The news on food security was not all negative. The short-lived good news came around 2009 when the late President of Libya, Col. Muammar Kaddafi provided resources, including mechanized farming equipment, to produce rice in Lofa County. Frustratingly to Liberians, government abandoned the land, employees, farming equipment, and the story of missing money spread. Former President Ellen Johnson Sirleaf through her Presidential Press Secretary, Mr. Cyrus Badio, denied the story that the rice project management lost millions of dollars. Mr. Badio argued that trucks with rice were on the highways to Monrovia, refuting the money missing allegation. Liberians are still waiting for the rice from the Lofa rice project.
Can Liberia reduce rice shortage? LPP says yes and proposes a simple approach. First, the government should launch a campaign to encourage Liberians to eat what they grow and reduce reliance on imported food. Second, it can expand the program (i.e., feed students) of the World Food Program-WFP (Country Programme CP 200395 2013-2917) by using local food to feed patients at hospitals, prison inmates, participants at government sponsored seminars. For instance, leaders of Zorzor City, Lofa County, in collaboration with officials in Monrovia, could begin to provide cassava products as breakfast not only to students, but to government employees attending seminars, etc.

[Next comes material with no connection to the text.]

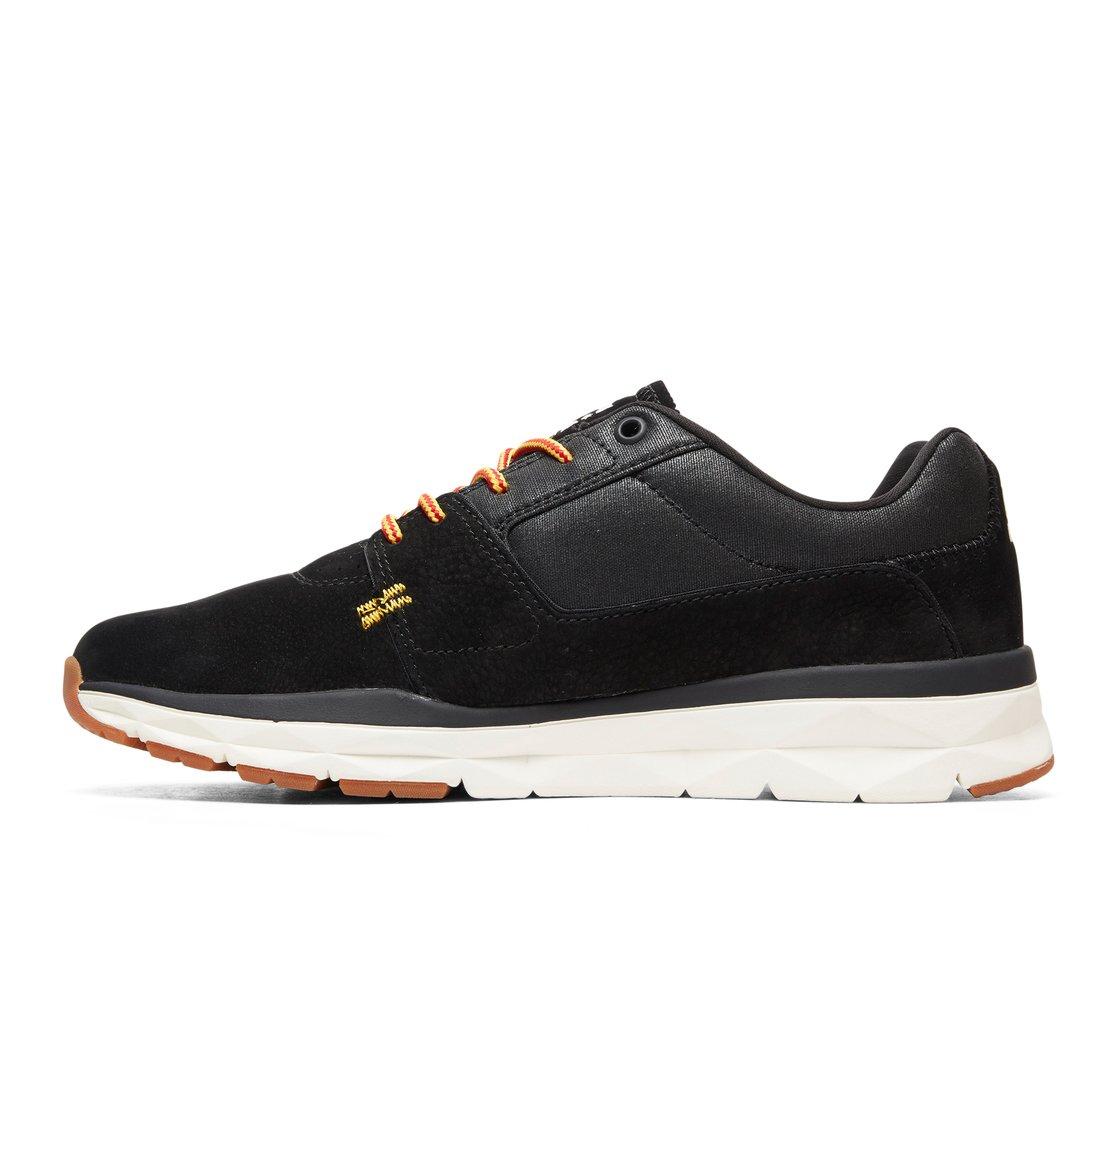 17f91f9c0a11a9 Chaussures homme Chaussures pour Homme ADYS700115 Dcshoes Chaussures et  Sacs DC Shoes Heathrow TX Le

Predictably, the first approach might take long to get positive results. The second approach is achievable and should results into a significant consumption of local food. This is because students, patients, prison inmates, etc. will regularly eat cassava products, thereby, reducing the demand for rice. Subsequently, if the old adage that says “attitude is contagious” becomes a reality, other irregular cassava-eating residents will begin to consume more cassava products.
LPP is not abandoning the idea to increase rice production, however, Liberia’s records indicate that producing is a tall order. In the 70s’, Liberia established the Agricultural College to increase skilled manpower in agriculture. Later, President William R. Tolbert established the Agricultural Development Bank, but many farmers borrowed to grow cash crops. Yes, today, the Agricultural Bank does not exist anymore, but the Central Bank of Liberia has deposited USD $5M with local bank for private-capitalists to invest in food production. (See Page # 64 of the 2019 Central Bank of Liberia financial statements). Additionally, commercial banks have money for borrowers.
The interest rate of 2.5% for borrowing USD $5M might have been a high cost for private investors. Well, philanthropists donated USD $642M, from 2012/2013 through 2018/2019, as per Liberian Citizens’ Budget, for private investors. Farmers, including International Nongovernmental Agencies (INGOS) received the money to produce food, for example. (See J. Yanqui Zaza as per Daily Observer and Perspective websites). WFP, for instance, received USD $50M to carry out agricultural activities in River Gee, Maryland, Grand Geddeh, River Cess, etc. in 2018/2019 as per the Liberian Citizens’ Budget. There are limited documents to provide evidence that WFP produce food. Besides government documents, expenses per the schedule below, do not show that it used any of the $8.2B revenue in 2020, for instance, to invest in farm equipment or assist farmers to produce food? Moreover, critics accused WFP “…of bolstering the US economy by buying food items.” (https://www.bbc.com/news/world-54477214).
|FOOD ITEMS DISTRIBUTED||2.3B||2.1B|
|DISTRIBUTION AND SERVICES||0.8B||0.7B|
See page # 14 of the World Food programme 2020 annual report.
The Liberian People’s Party hopes that our government will encourage Liberians to eat what they produce and focus less on the activities of profiteers, our international partners, etc.